Increased O-GlcNAcylation reduces pathological tau without affecting its normal phosphorylation in a mouse model of tauopathy

• Published in: Neuropharmacology Vol. 79; pp. 307 - 313
• Main Authors: Graham, Danielle L., Gray, Audrey J., Joyce, John A., Yu, Dongzi, O'Moore, Jill, Carlson, George A., Shearman, Mark S., Dellovade, Tammy L., Hering, Heike
• Format: Journal Article
• Language: English
• Published: England Elsevier Ltd 01.04.2014
• Subjects: Acetylglucosamine - antagonists & inhibitors; Acetylglucosamine - metabolism; Alzheimer's Disease; Animals; CA1 Region, Hippocampal - drug effects; CA1 Region, Hippocampal - metabolism; CA1 Region, Hippocampal - pathology; CA3 Region, Hippocampal - drug effects; CA3 Region, Hippocampal - metabolism; CA3 Region, Hippocampal - pathology; Disease Models, Animal; Female; Glycosylation; Male; Mice; Mice, Transgenic; Neurons - drug effects; Neurons - metabolism; Neurons - pathology; Neuroprotective Agents - pharmacology; O-GlcNAc; O-tau(S400) antibody; OGA; Phosphorylation - drug effects; Pyrans - pharmacology; rTg4510; Tau aggregation; tau Proteins - antagonists & inhibitors; tau Proteins - metabolism; Tauopathies - drug therapy; Tauopathies - metabolism; Tauopathies - pathology; ThiametG; Thiazoles - pharmacology; rTg4510; Alzheimer's Disease; ThiametG; O-tau(S400) antibody; OGA; O-GlcNAc; Tau aggregation
• ISSN: 0028-3908; 1873-7064; 1873-7064
• DOI: 10.1016/j.neuropharm.2013.11.025

Neurofibrillary tangles (NFT), mainly consisting of fibrillar aggregates of hyperphosphorylated tau, are a defining pathological feature of Alzheimer's Disease and other tauopathies.
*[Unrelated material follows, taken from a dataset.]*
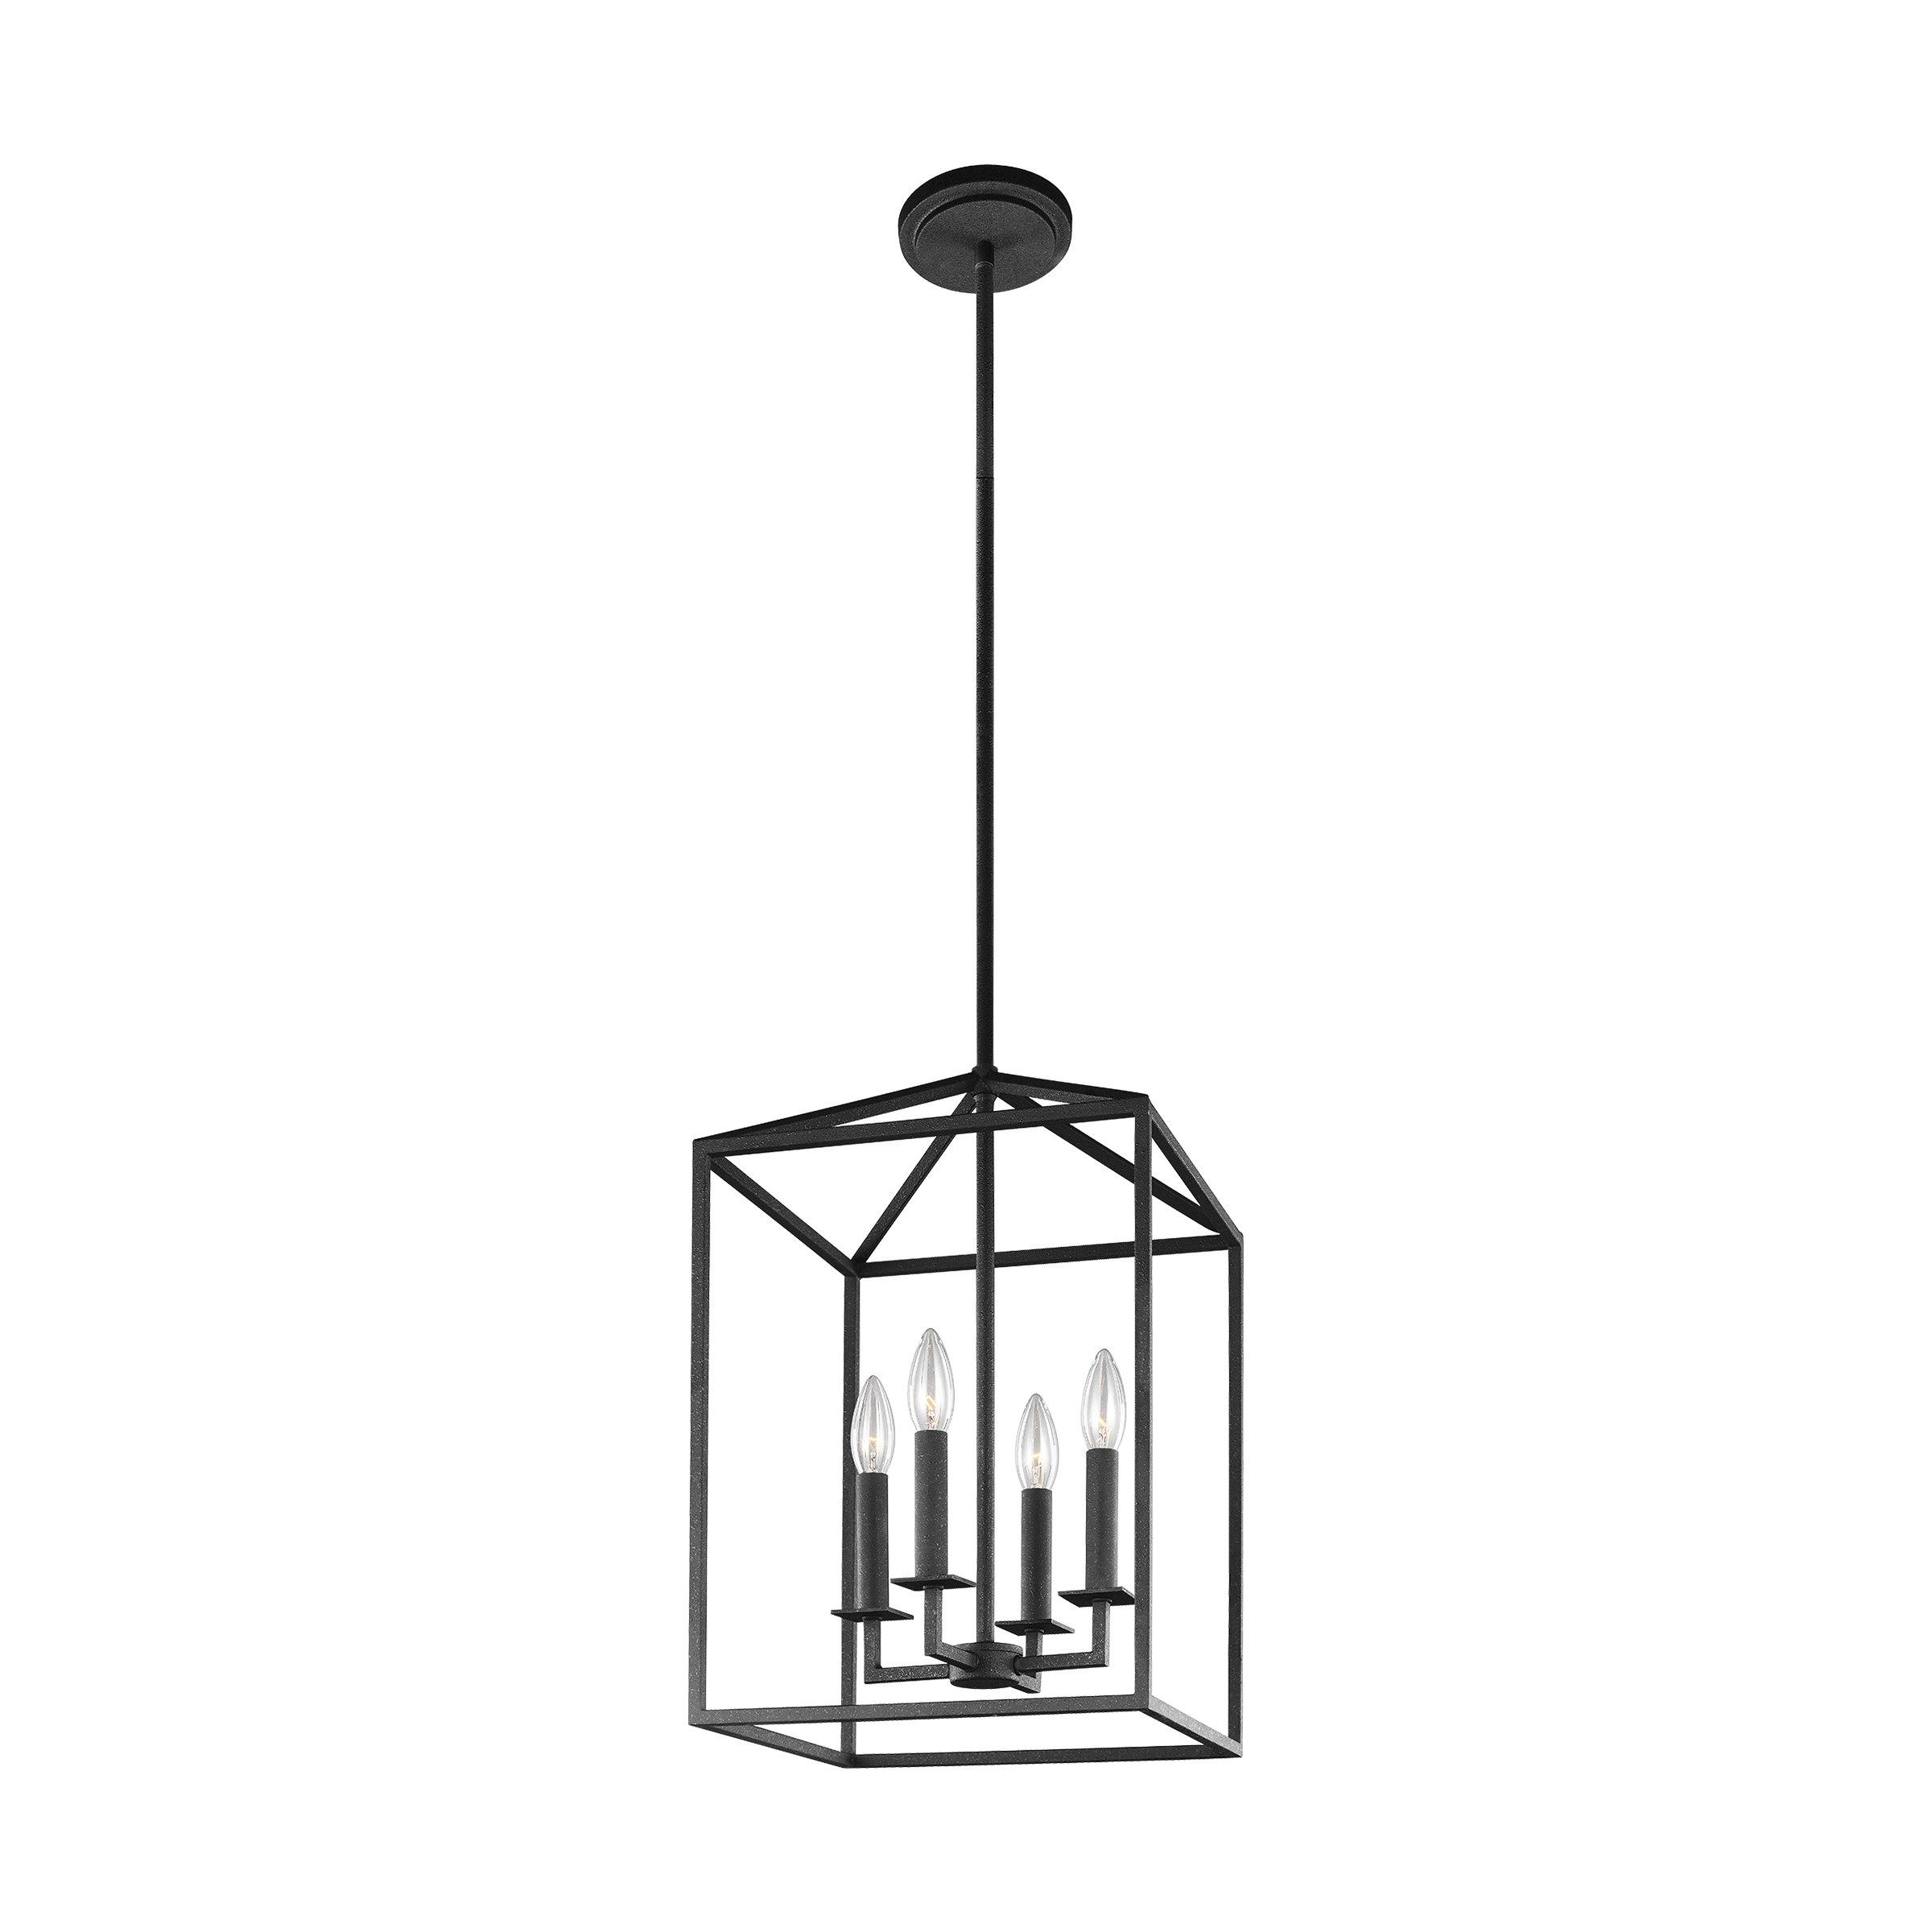 Odie 4 Light Lantern Square / Rectangle Pendant Throughout Well Known 4 Light Lantern Square / Rectangle Pendants (Gallery 12 of 20)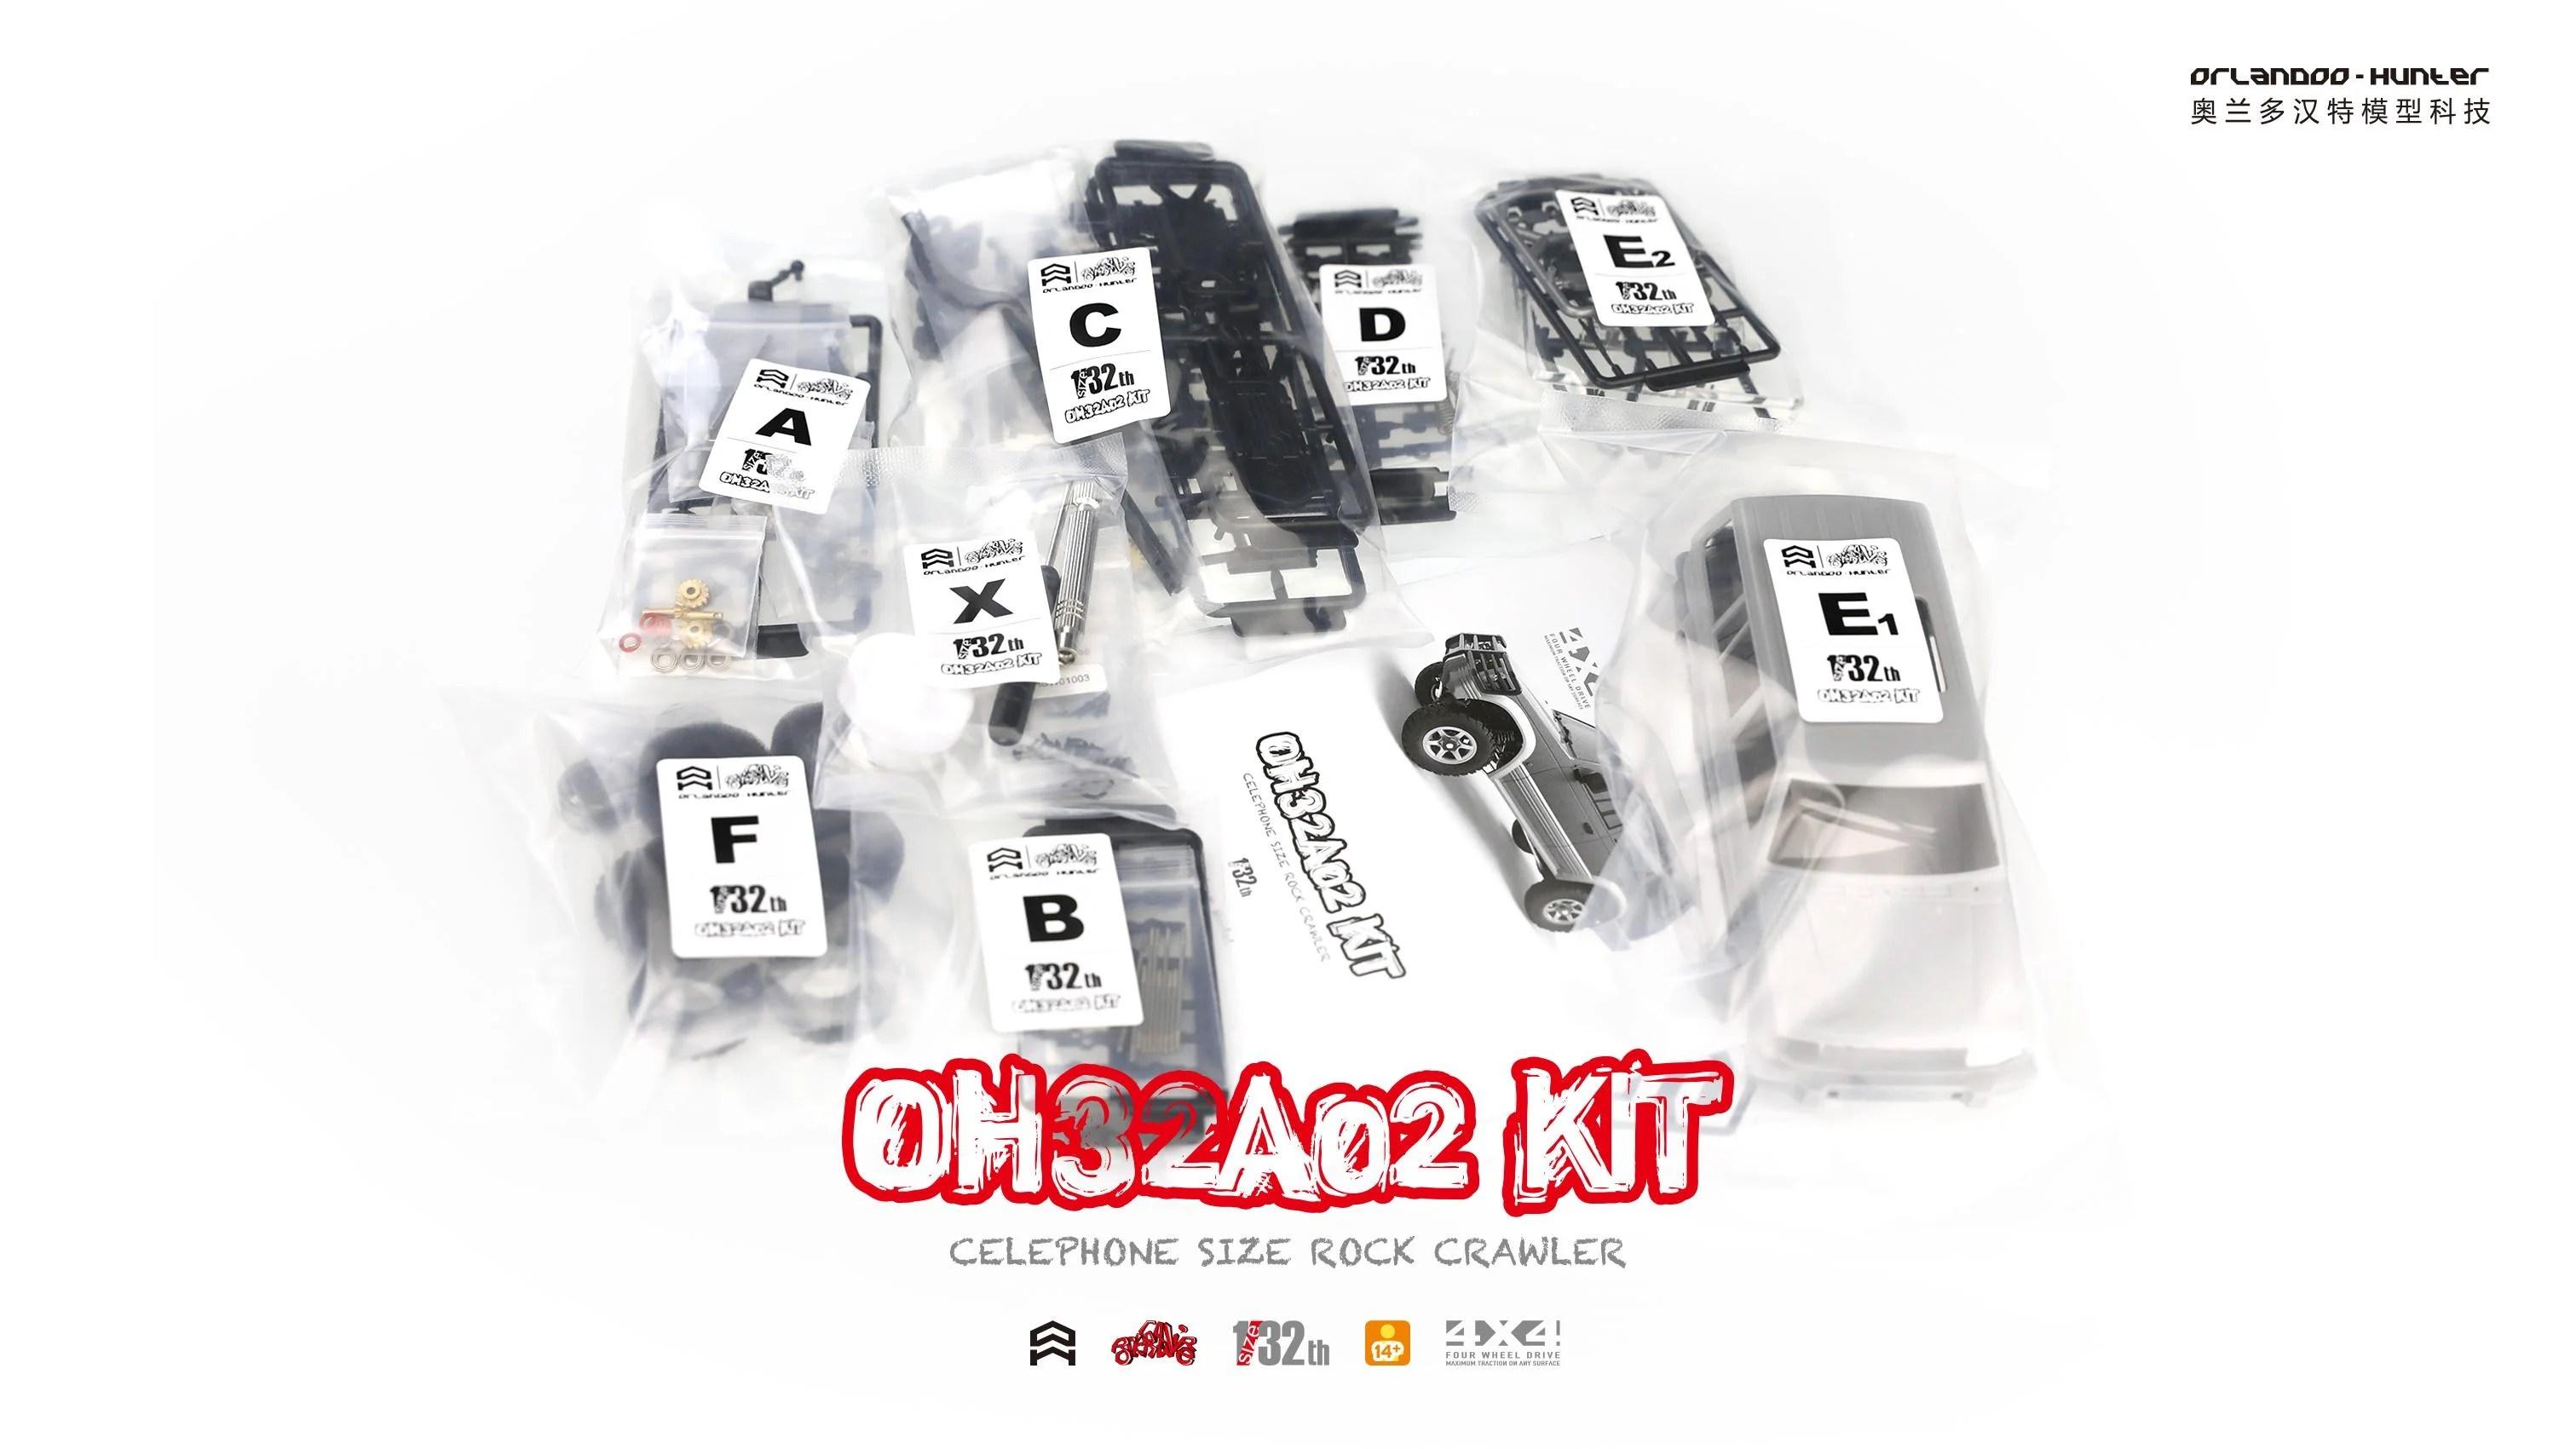 Orlandoo Hunter Oh32a02 1 32 Micro Crawler Kit Mitsubishi Pajero

Progressive accumulation of tau into NFT is considered to be a toxic cellular event causing neurodegeneration. Tau is subject to O-linked N-acetylglucosamine (O-GlcNAc) modification and O-GlcNAcylation of tau has been suggested to regulate tau phosphorylation. We tested if an increase in tau O-GlcNAcylation affected tau phosphorylation and aggregation in the rTg4510 tau transgenic mouse model. Acute treatment of rTg4510 mice with an O-GlcNAcase inhibitor transiently reduced tau phosphorylation at epitopes implicated in tau pathology. More importantly, long-term inhibitor treatment strongly increased tau O-GlcNAcylation, reduced the number of dystrophic neurons, and protected against the formation of pathological tau species without altering the phosphorylation of non-pathological tau. This indicates that O-GlcNAcylation prevents the aggregation of tau in a manner that does not affect its normal phosphorylation state. Collectively, our results support O-GlcNAcase inhibition as a potential therapeutic strategy for the treatment of Alzheimer's Disease and other tauopathies. •Acute OGA inhibition transiently reduced tau phosphorylation in rTg4510 mice.•Chronic OGA inhibition protected against tau aggregation in rTg4510 mice.•Chronic OGA inhibition did not affect normal tau phosphorylation in rTg4510 mice.